Rwanda’s air travel sector has rebounded strongly from the pandemic, with passenger numbers on course to return to pre-Covid levels this year. The shutdown allowed for a review of existing strategies, despite the fact that plans to expand on the 29 routes available in 2019 were scrapped. RwandAir has stopped operating the less profitable routes to Senegal and Juba, and has replaced them with new destinations like Bangui (CAR), Goma, and Lubumbashi(DRC).
However, it will be challenging to compete with other regional hubs such as Addis Ababa and Nairobi. “I don’t know about them becoming a hub”, says Nicoll. “I’m not sure they really want to be a hub when they’ve got two big hubs either side of them.”
Kenya’s slow recovery and lack of a concerted meetings, incentives, conferences & exhibitions (MICE) strategy may strengthen Kigali’s case. The $300m state-of-the art Kigali Convention Centre opened in 2016. It is the only comparable modern facility in Nairobi.
“Nairobi, which has more hotels than practically anywhere else in East Africa, has suffered really badly and Kigali has moved into that market very well in the sense that they were the first to go ahead with the convention centre there,” says Nicoll.
The industry hopes for peaceful elections in Kenya
Even though Rwanda has an advantage over its nearest neighbours, Rwanda’s tourism strategy may be affected by political events in Rwanda. Kenya’s upcoming presidential election on 9 August, tightly contested by Raila Odinga and William Ruto, comes at an inopportune time for East Africa’s recovering tourism industry. Concerns about violence and electoral controversy have had a negative effect on tourism in Kenya and across East Africa. Kenya is dependent upon Nairobi as its main airport for international tourists.
“If there’s a problem in Kenya, there’s a problem in the whole of East Africa, because the whole area gets affected – particularly with Nairobi being the hub,” says Nicoll. “That’s the problem with East Africa. It’s banded together, so either they’re all up or they’re all down.”
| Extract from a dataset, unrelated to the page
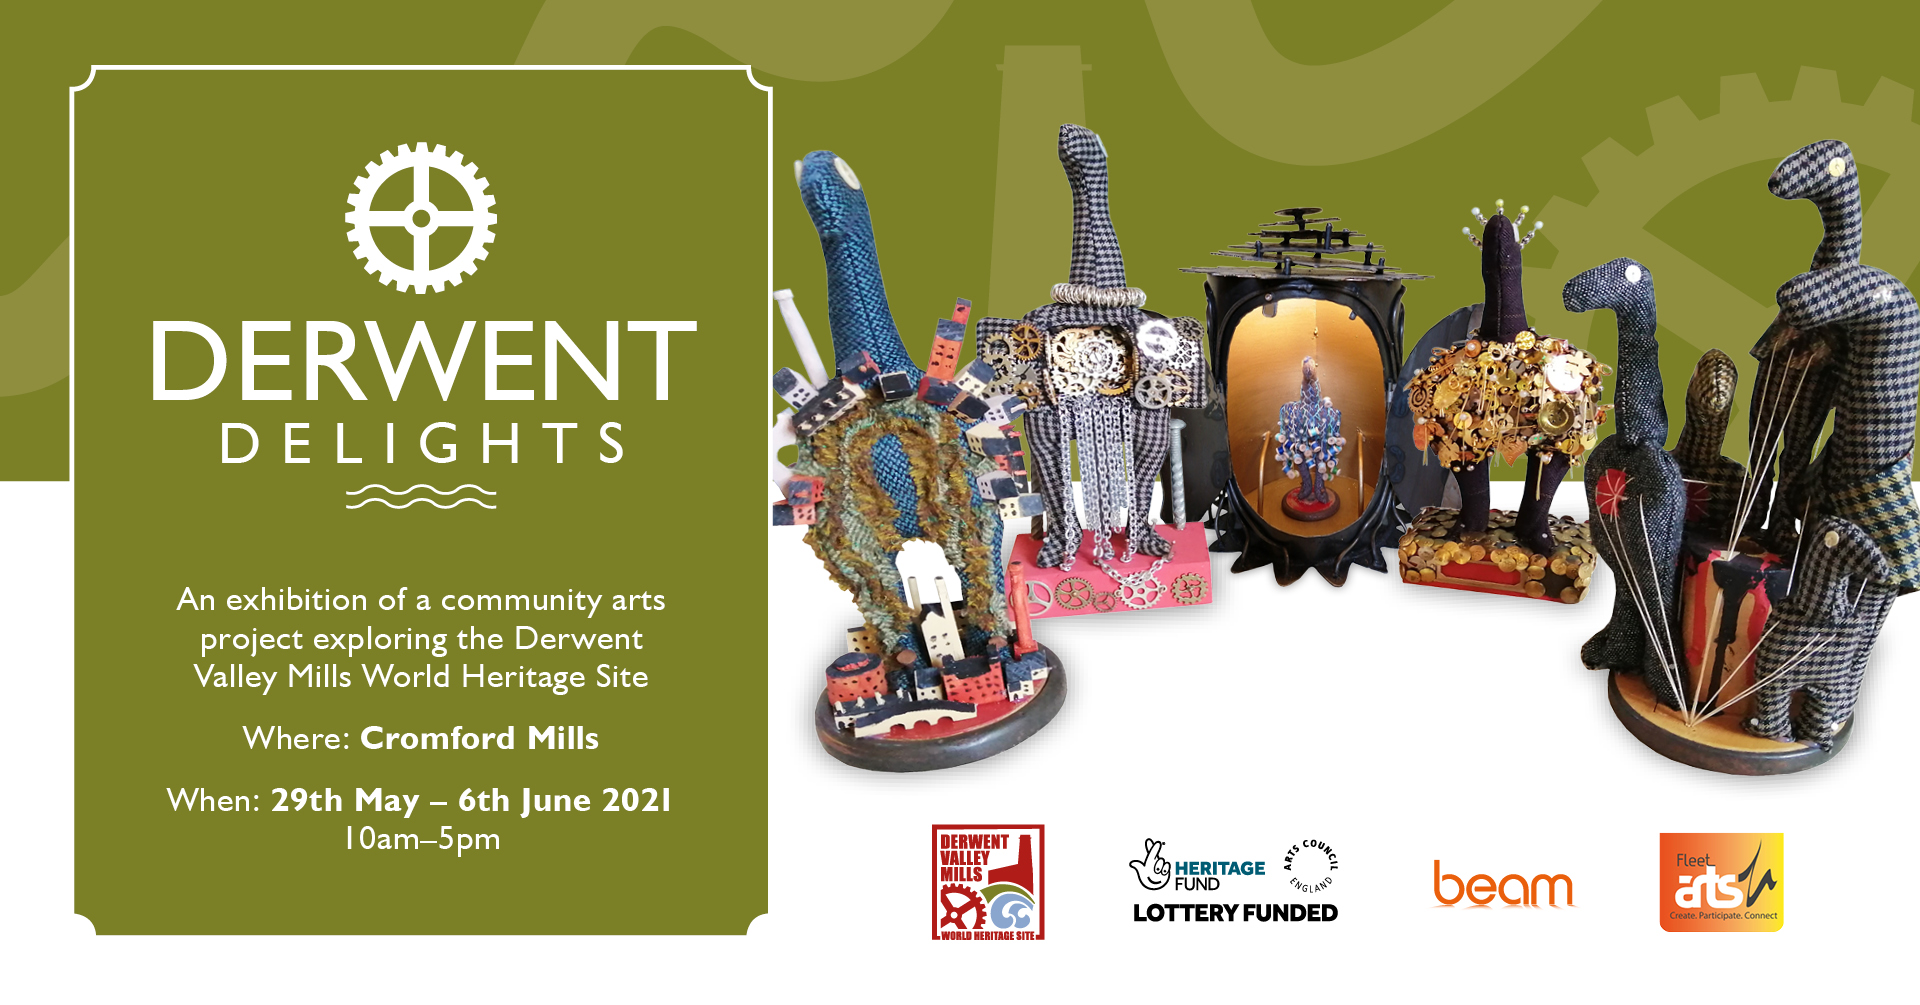 Derwent Delights exhibition

EAC countries enjoyed strong growth in tourism up to 2007. However, the financial crisis and violent protests of 2007-08 caused a collapse in tourism. According to data published in Journal of Tourism and Hospitality Research (JoTHR), international arrivals to Kenya dropped by 47.5% between 2007 and 2009. In contrast, Rwanda, Tanzania and Uganda also struggled to attract visitors.
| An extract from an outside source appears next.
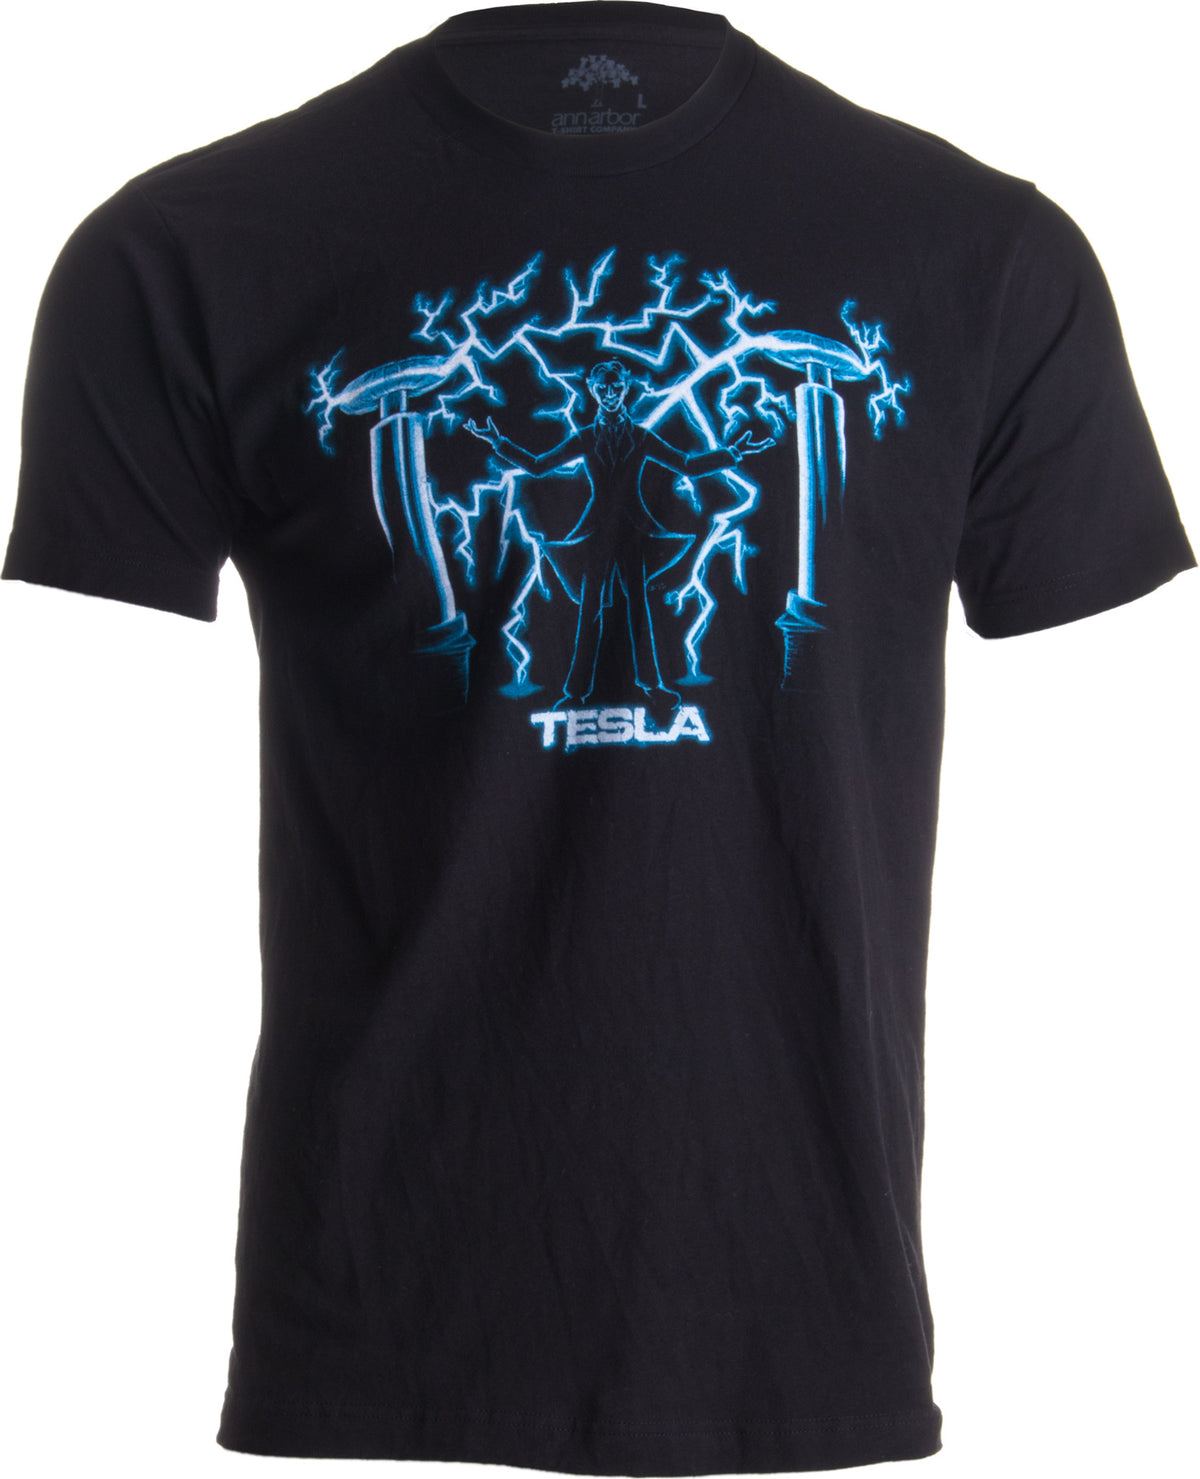 Nikola Tesla, Mad Scientist | Unisex Science Engineering Geek Humor T-shirt

“We find that tourism, which is highly dependent on international arrivals, exhibits more response to events related to elections”, writes Steven Buigut, professor of economics at Canadian University Dubai. “Tourism stakeholders need to recognise the special vulnerability of this sector and consider designing special programmes to assure the safety of tourists during periods of elevated risk.”
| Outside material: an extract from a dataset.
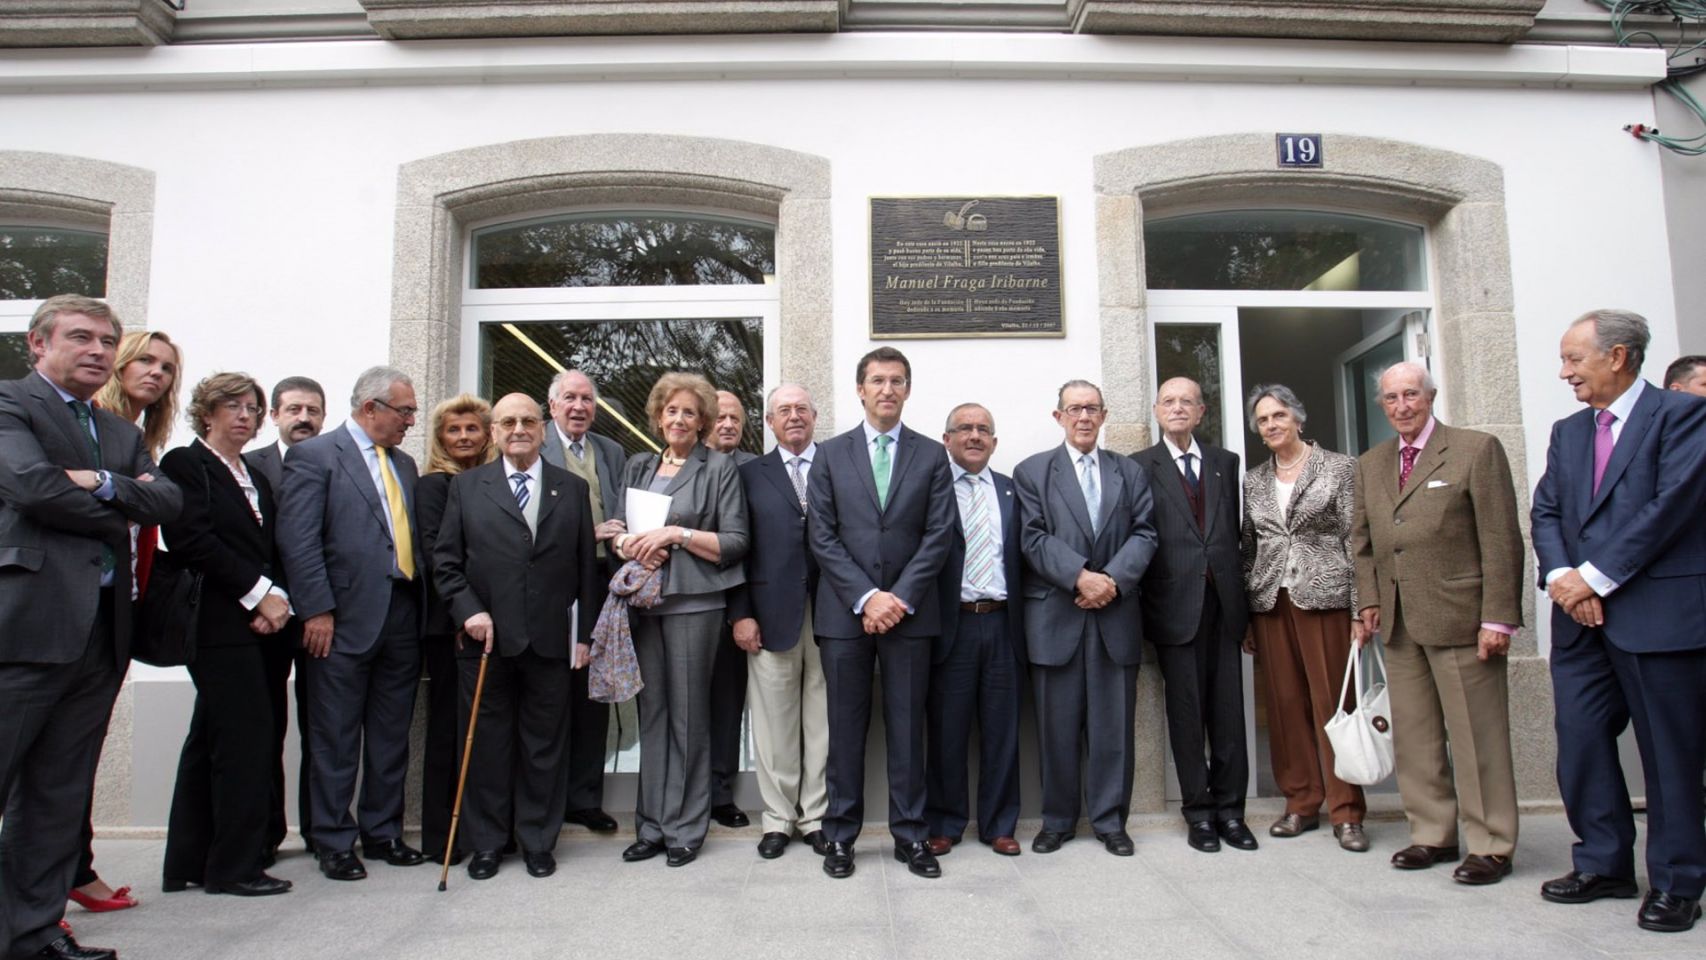 Feijóo, en una visita a la casa museo de Manuel Fraga realizada en 2011, acompañado de miembros del patronato de la Fundación.

The upcoming election is expected to be a success for Kenyan industry leaders. “I must commend Kenyans,” Veteran Nairobi hotelier Mohamed Hersi told Kenya’s Star. “We are mature politically and we want to reassure the world that Kenya is peaceful. People would have fled the country in the past during elections. But we are now past that. We are confident the industry will remain stable.”